EXERCISE REQUIREMENTS.
Find the line containing "00344 St Marys" in the entries below. Restate it and each line after it, word for word, up to and including the line containing "Damir Doma - Tee".

DATASET ENTRIES.
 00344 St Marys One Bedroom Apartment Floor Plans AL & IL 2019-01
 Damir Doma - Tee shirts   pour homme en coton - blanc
...
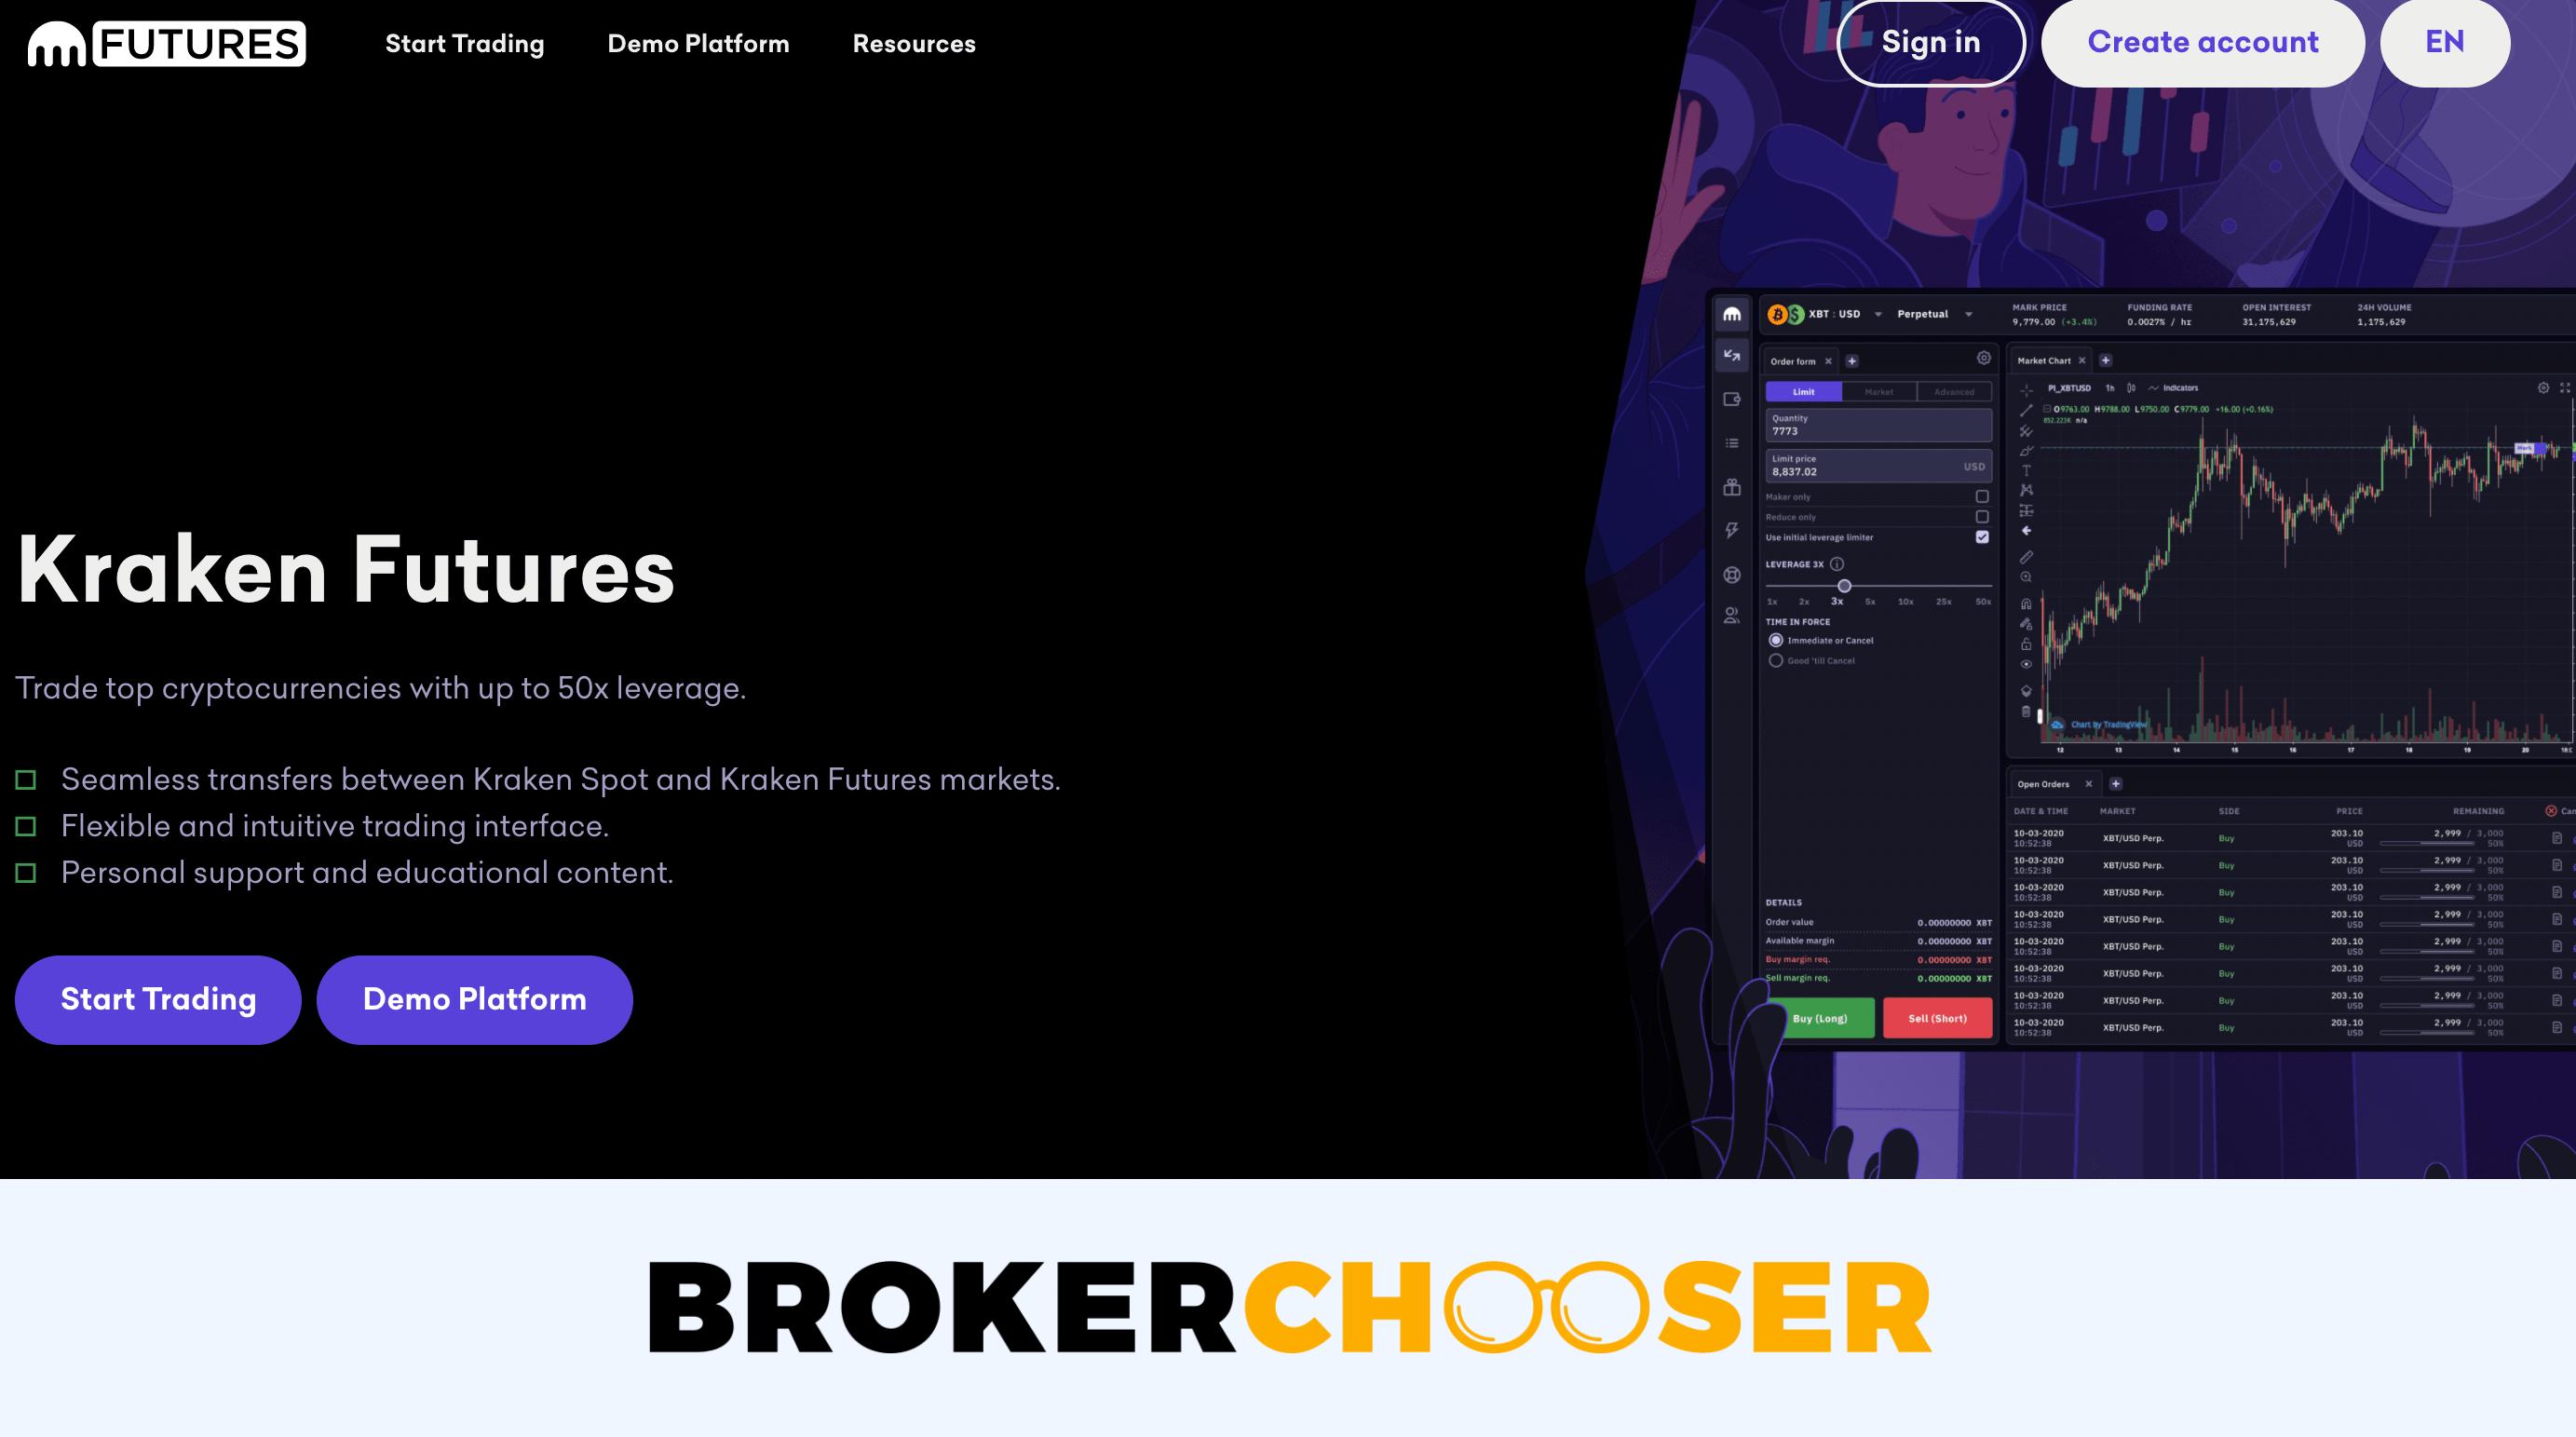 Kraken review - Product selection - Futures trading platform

EXERCISE RESULT.
 00344 St Marys One Bedroom Apartment Floor Plans AL & IL 2019-01
 Damir Doma - Tee shirts   pour homme en coton - blanc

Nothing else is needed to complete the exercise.